Jack Evan Noseworthy Jr. is an American actor from Massachusetts. He is known for his roles in films such as Event Horizon, U-571, Barb Wire, and for starring in MTV's Dead at 21. Noseworthy has also appeared on Broadway in musicals, including Jerome Robbins' Broadway and Sweet Smell of Success, and in 2013 portrayed Robert F. Kennedy in the television film Killing Kennedy.

==Early life==
Noseworthy was born in Lynn, Massachusetts, and grew up there. He began performing at age four in productions at Lynn's Broadway United Methodist Church. He graduated from Lynn English High School in 1982 and later earned a Bachelor of Fine Arts from the Boston Conservatory. He has described his family as union-oriented. His father worked for four decades as an Iron Workers Local 7 member in Boston. Early in his career, Noseworthy joined Actors' Equity and has said that sharing union membership with his father was especially meaningful to them.

== Stage career ==
While still a senior at the Boston Conservatory, Noseworthy began his career in musical theater. In 1988, he joined the national touring production of Cats, and the following year made his Broadway debut as a cast member of Jerome Robbins' Broadway (1989). He was an understudy and during that run, when the principal couldn't perform, he became the first and only male actor to perform as Peter Pan in the anthology's production. He also performed as Mark in A Chorus Line in 1990. In 1993, Noseworthy won the Los Angeles Drama Critics Circle Award for Best Actor for his portrayal of Alan Strang in a Los Angeles production of Equus.
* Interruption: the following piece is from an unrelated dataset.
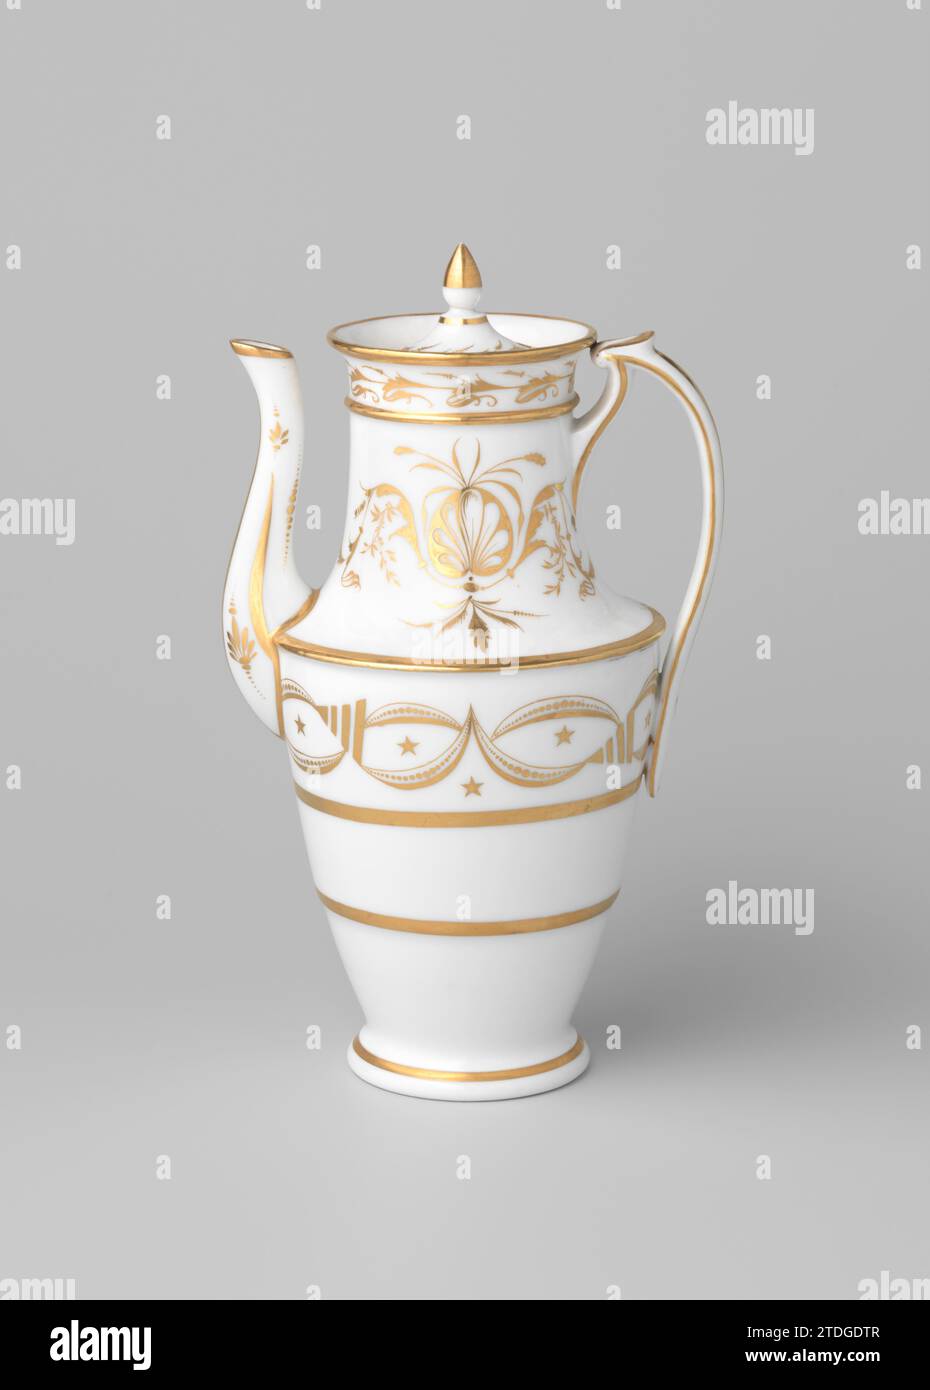 Cafetière avec sprays de fleurs stylisés et bordures ornementales, anonyme, c. 1800 - c. 1824 poêle à café en porcelaine, peinte sur la glaçure en or. La cruche a un corps en forme de vase, un bec en forme de S et une oreille haute, dont le haut est relié au bord. Le ventre est avec des lignes dorées divisées en trois pneus larges avec un pendule d'étoiles dans le haut, des formes de demi-lune avec des points et des triangles. Sur le cou deux fois une branche de fleur stylisée et sur le bord des vignes de fleurs. Le bec avec des lignes dorées et des fleurs stylisées. Le couvercle avec une fleur de pneu vignes. Empire. Porcelaine de France. glaçage. or (métal Banque D'Images

He later returned to Broadway as Dallas in the musical Sweet Smell of Success (2002). In December 2005, Noseworthy originated the role of Armand in the musical Lestat during its pre-Broadway run at the Curran Theatre in San Francisco, but departed the production in its first week of previews and was replaced by his understudy, Drew Sarich. The next year, he co-starred with Meryl Streep in the Public Theater's 2006 production of Mother Courage and Her Children. In 2018, Noseworthy joined the Canadian cast of the hit musical Come from Away, playing the role of Kevin T. In 2025, he made his debut as a Broadway producer, serving as a lead producer of Real Women Have Curves: The Musical on Broadway.

==Film and television career==
In the early 1990s, Noseworthy began transitioning to on-screen work, appearing as a skateboarder in Encino Man (1992) and landing a recurring role as Adrian Peterman in the CBS sitcom Teech (1991–1992). His breakthrough came when he starred as Ed Bellamy in MTV's action-adventure series Dead at 21 (1994). Around the same time, his film roles included Alive (1993) as Bobby François and S.F.W. (1994) as Joe Dice. In 1994, he also starred as the male love interest in Bon Jovi’s "Always" music video.

Noseworthy went on to play the antagonistic neighbor Eric in The Brady Bunch Movie (1995) and took supporting roles in several cult films: he was seen in Barb Wire (1996) and as Justin in the sci-fi horror Event Horizon (1997). In 2000, he portrayed Seaman Bill Wentz in the WWII submarine thriller U-571 and had a role in John Waters' Cecil B. Demented.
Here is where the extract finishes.